Are those some things we grew up saying or thinking about? Maybe our versions weren’t disguised in such light-hearted banter. Maybe our versions were more alive, more heart-breaking, and more horrific.

What makes us turn on ourselves like parasites? There is one answer that makes more sense than others. It begins real close. At home. At School. At a friend or relative’s place. In the playground. At the mall. It begins in our bedrooms, in the kitchens, with permanent abodes in our bathrooms; where the mirror plays a huge supporting role.

And this is how it starts. Replace the characters, plot, dialogues and setting, but the heart of the story remains eerily similar.

One fine day, a happy little toddler becomes a pre-schooler. Subtle sparks of thought and the alien concepts of comprehension begin to sprout in that little head. It almost feels like spring, with so much to marvel at and discover, until it doesn’t.

“You have funny hair“, says a friend, on an unfortunate day, to the unfortunate little lady. Nearby class fellows gather around, make a circle and start snickering and pointing.

Sure, her defences creep up, like mutated tree roots, sheltering from outside crap. She might say something mean in return. She might even push or shove, feigning bravery. She might stay silent and act as if it doesn’t bother her.  Oh, but it does. It bugs her bad. Her defences are not strong enough to shield her from the worst critic of them all, herself. That remark right there and then, imprints a painful and permanent bruise, like a medieval branding iron meant for lifelong torture. Next time the girl stands in front of the mirror, with half-opened eyes, trying to brush her milky-teeth, she notices her hair. For the first time. And she doesn’t like what she sees.

Family isn’t too welcoming either. As she adds a few inches to her height, squiggly strands transform into frizzy monsters. Or so her siblings say, in between occasional teasing ventures by other loved ones. She smiles at first. The second, third, fourth, fifth, sixth,…millionth time too. But then she doesn’t.

She painfully sheds her pre-puberty skin and discovers the world of, and for, the ‘pretty’. Makeup. Clothes. Fashion. But the pin bursting her bubble is always her hair. She wants to show-off her pretty-card. She is desperate.

Then, she discovers magic. A device that could crease out the ugliness. She saves up her pocket-money and birthday money to buy her enchanting wand. She turns thirteen with her new best friend safely tucked in her bathroom cupboard. Her hair straightener.

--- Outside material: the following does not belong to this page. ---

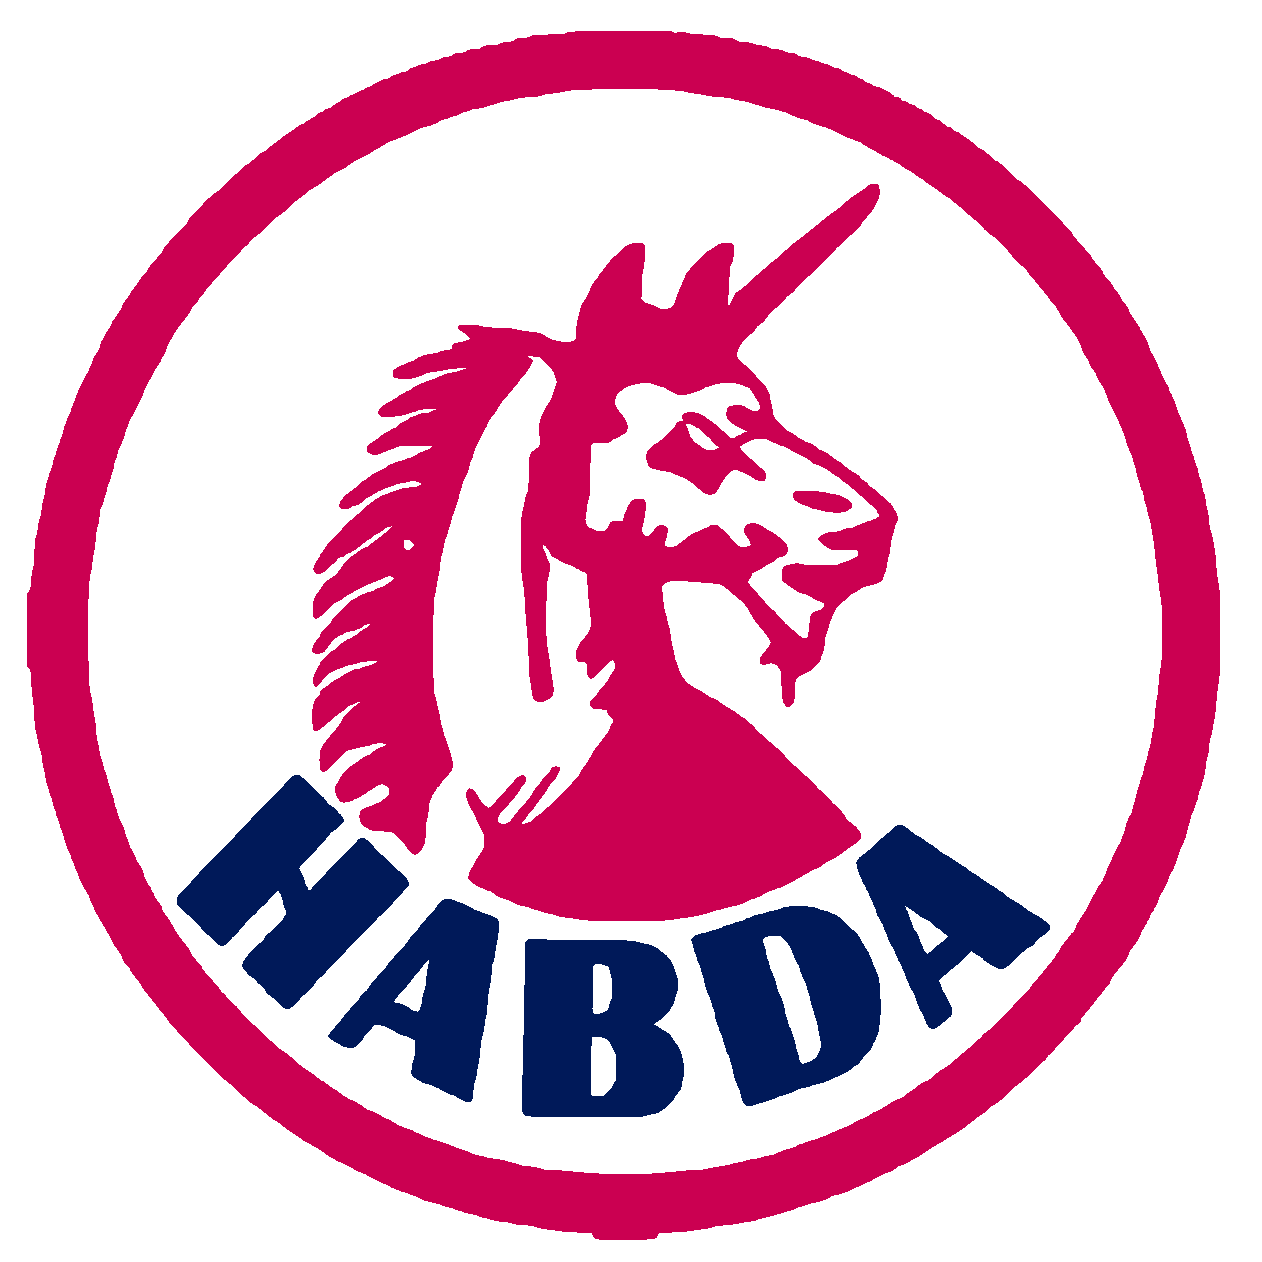 Habda ry seuran logo
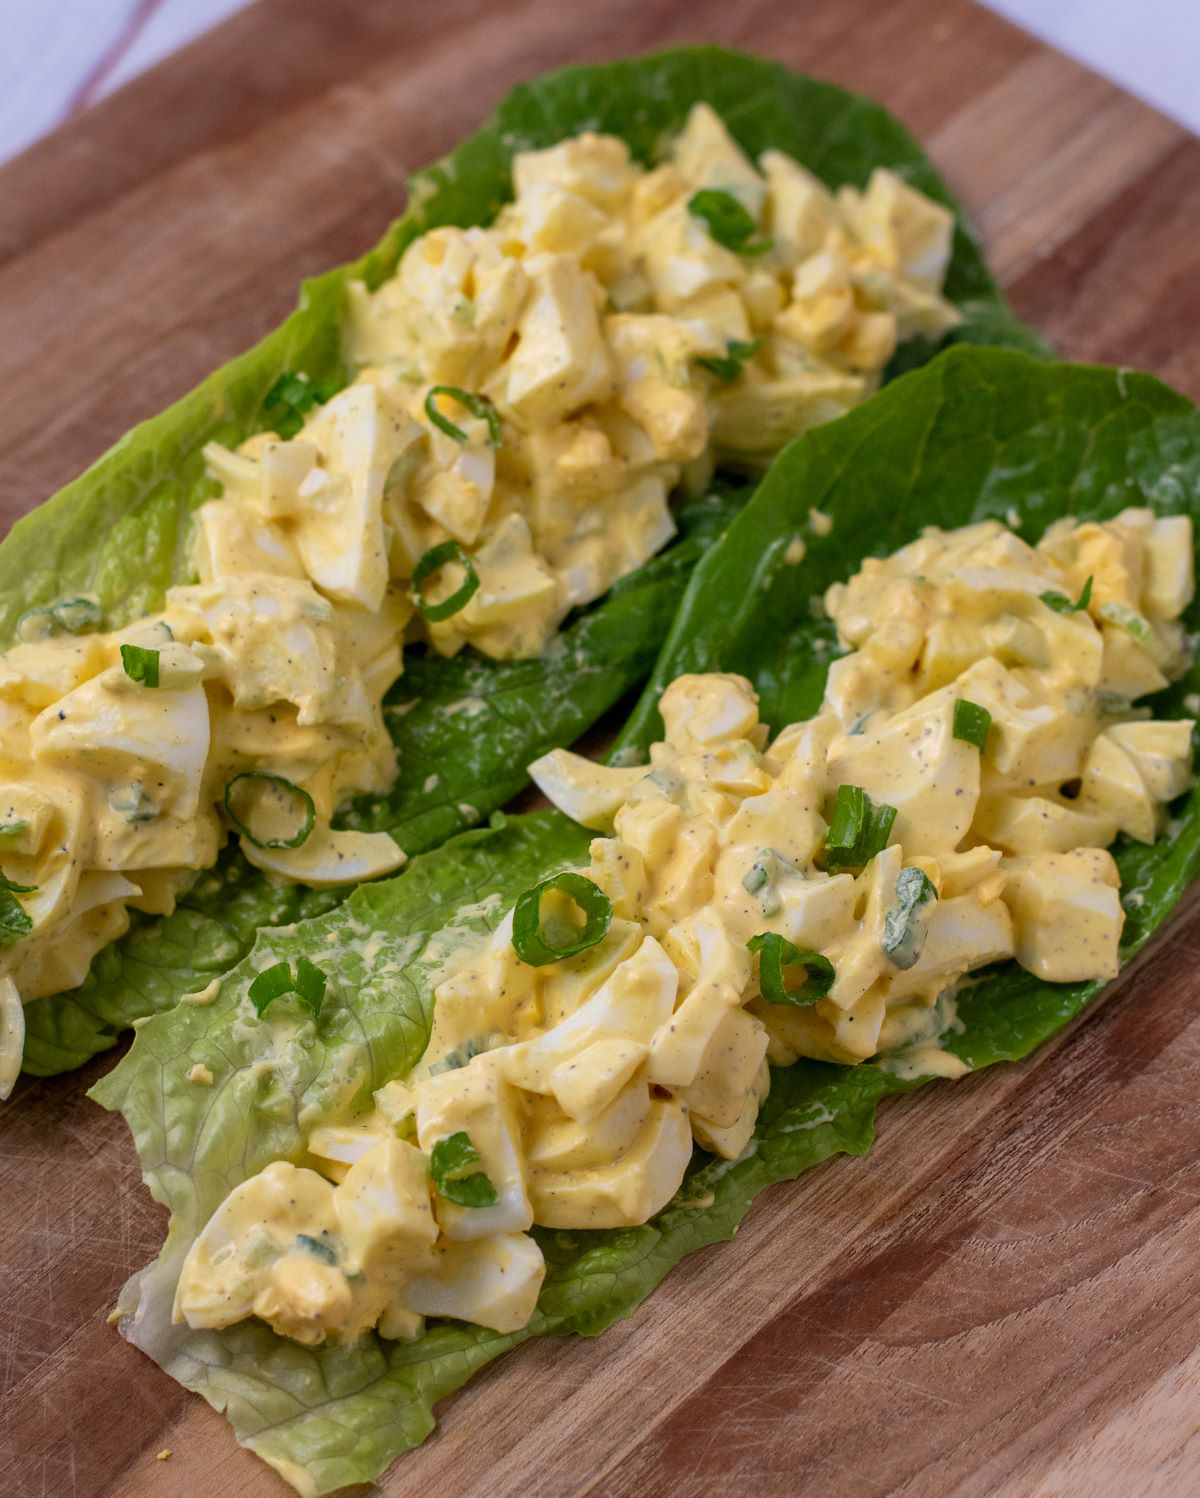 egg salad served in lettuce leaves

She straightens her hair more than she eats. More than she laughs. More than she cries. Because she can’t imagine stepping out of her room with Medusa-like entities hanging over her head. She sometimes hates her hair so much that it hurts her heart. And unknowingly, her hair too.

Along with the hair hazard, she gathers other common inflictions of her age, like insects on sugar. The weight bug. The skin bug. The voice bug. Her self-esteem melts away, like the wicked witch of the West. Wicked, because it is a cowardly, sad little excuse of an emotion that is too weak to stand up for itself.

  One day, she opens up to an old friend. With tears blurring her pupils, she says that her hair’s as dead as a door. And that she sometimes thinks of letting it stay in its natural form. But when she  catches a glimpse of her burnt mop in her bathroom mirror, she quickly reaches for the straightener.

She tells her friend that she doesn’t have the strength to fight.

She never did.

Or, that fateful day many years ago, she would have gone back and told her mom and dad everything. And if her parents had the hindsight, they would have convinced her that she had the best hair in the world. And that she should never let anyone make her feel otherwise.

Next day, the girl would have gone back to school, a bit scared but ready to take on the world with her funny hair.